AFSA has submitted three major resolutions to the upcoming AFL-CIO Convention in Minneapolis this June, urging organized labor to take a stronger national stand on school safety, gun violence prevention, workplace protections, and civic education.
The resolutions, developed from priorities adopted at AFSA’s convention last year, are expected to place public education issues prominently before delegates representing millions of union members from across the country. Once adopted, AFL-CIO resolutions help shape the federation’s legislative agenda, advocacy campaigns, organizing priorities, and policy direction for the next three years.
AFSA leaders say the proposals reflect growing concerns among educators and school employees about violence, political polarization, declining civic engagement, and the increasing pressures facing public schools nationwide.
One of the centerpiece resolutions focuses on the alarming rise in threats, harassment, intimidation, and violence directed at school leaders, teachers, and education workers. The proposal describes a nationwide pattern of escalating hostility toward educators both in schools and online, creating unsafe working conditions and contributing to burnout, attrition, and staffing shortages.
The resolution calls on the AFL-CIO to treat violence against educators as a major labor and workplace safety issue. AFSA is urging the labor federation to support stronger criminal penalties for assaults and threats against school employees, advocate for enhanced workplace violence prevention laws, and push for stronger enforcement mechanisms to protect educators and their families from intimidation and harassment.
The proposal also calls for comprehensive workplace violence prevention plans in schools, mandatory safety training, improved reporting systems, greater investment in mental health and conflict resolution programs, and the creation of a National Task Force on Workplace Violence in Education made up of educators, labor leaders, public safety experts, and policymakers.
AFSA argues that attacks on educators are not isolated incidents, but part of a broader rise in workplace violence affecting public-sector workers nationwide. The resolution states that safe schools depend on safe working conditions for teachers, principals, school administrators, and education support staff.
A second AFSA resolution centers on strengthening civics education and democratic participation.
The proposal highlights growing concerns that students are not receiving adequate preparation for informed participation in democratic life at a time when misinformation, declining civic engagement, and political division are increasing across the country.

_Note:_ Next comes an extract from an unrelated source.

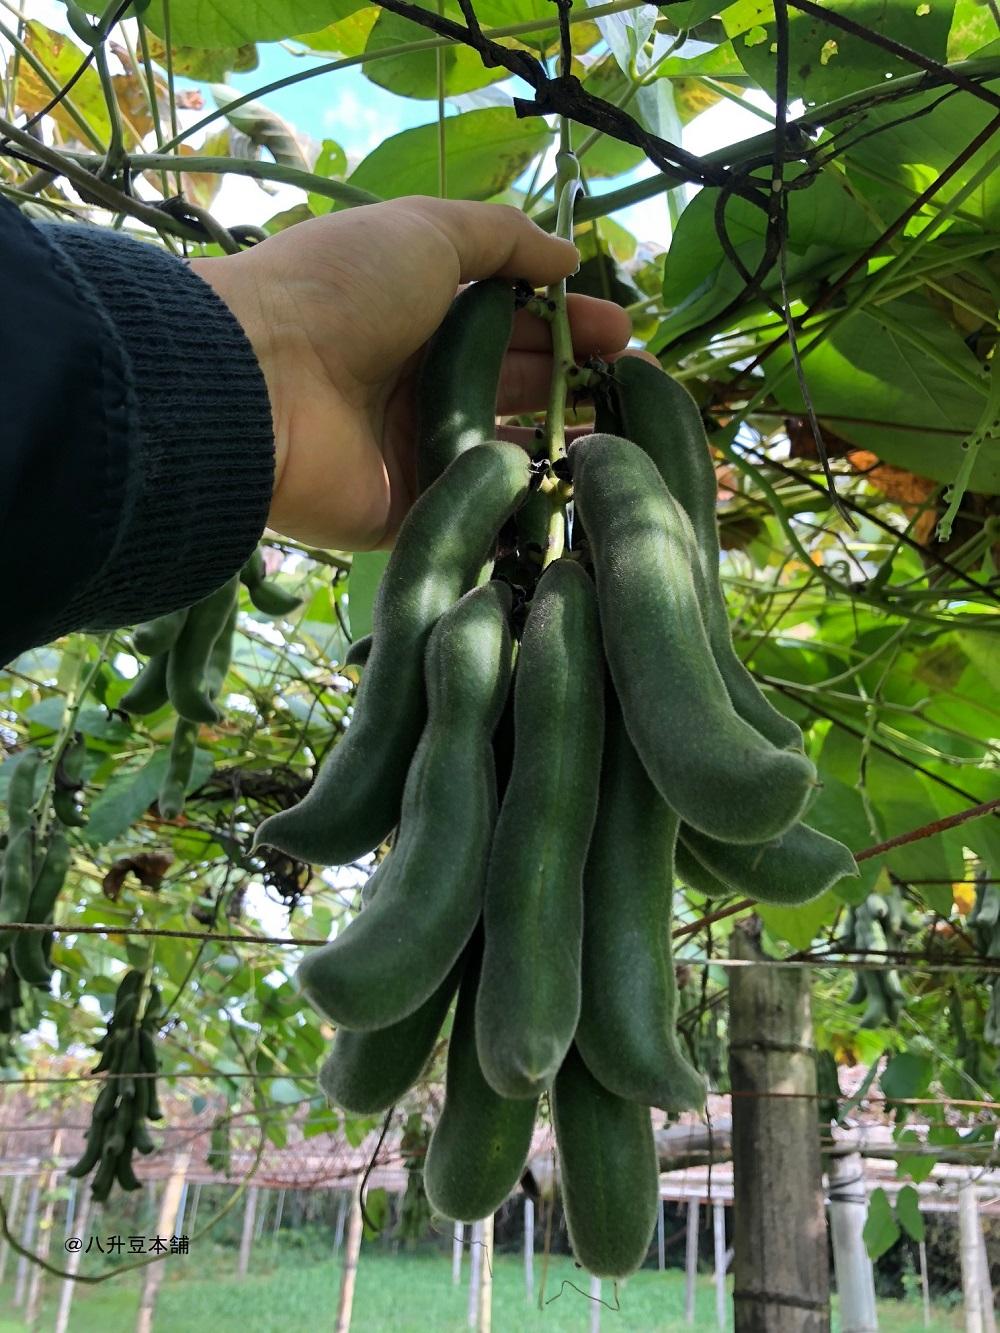 ムクナ豆(八升豆)パウダー250g入り 国産ムクナ豆100% 無農薬自然栽培

The resolution urges the AFL-CIO and its affiliated unions to support expanded civics instruction that includes government structure, constitutional principles, media literacy, critical thinking, labor history, workers’ rights, and economic justice. AFSA argues that the labor movement itself has historically served as one of the nation’s strongest democratic institutions by educating and mobilizing working people.
The proposal comes as the nation approaches the 250th anniversary of the founding of the United States, which AFSA says should serve as an opportunity to recommit to democratic values and civic participation.
AFSA’s third resolution directly addresses gun violence and school safety, describing gun violence as both a national public health crisis and a workplace safety emergency for educators and school employees.
The proposal, titled “Protecting School Communities from Gun Violence,” points to the lasting trauma caused by school shootings since the Columbine High School massacre and states that thousands of lives continue to be lost each year due to gun violence across the United States.
The resolution calls on the AFL-CIO to support comprehensive federal action to reduce gun violence and improve school safety. Among the measures AFSA is advocating for are stronger universal background checks for firearm purchases, closing loopholes that allow unregulated gun sales, and banning military-style semiautomatic weapons and high-capacity ammunition magazines for civilian use.
At the same time, the proposal strongly opposes policies that arm teachers, principals, or school staff. AFSA argues there is no credible evidence showing that arming educators prevents school shootings and warns that such policies could escalate dangerous situations while placing educators in roles they were never trained to perform.
Instead, the resolution calls for investments in proven safety strategies, including improved coordination with law enforcement, trained school safety personnel, modernized security infrastructure, comprehensive emergency preparedness plans, and expanded mental health resources for students.
AFSA is also urging increased funding for counselors, psychologists, social workers, crisis intervention programs, and violence prevention initiatives that address the root causes of violence while preserving welcoming and inclusive school environments.
The proposal further calls for expanded training for school leaders and staff in threat assessment, emergency response, and crisis management, as well as community education programs that promote shared responsibility for school safety.
Taken together, the three resolutions represent a broad effort by AFSA to elevate public education issues within the national labor movement and frame school safety, educator protections, and civic education as core labor issues affecting workers, families, and communities across the country.
As AFL-CIO delegates prepare to gather in Minneapolis this summer, AFSA leaders say they hope the convention will send a strong national message that protecting educators, strengthening democracy, and ensuring safe schools must remain central priorities for organized labor and public policymakers alike.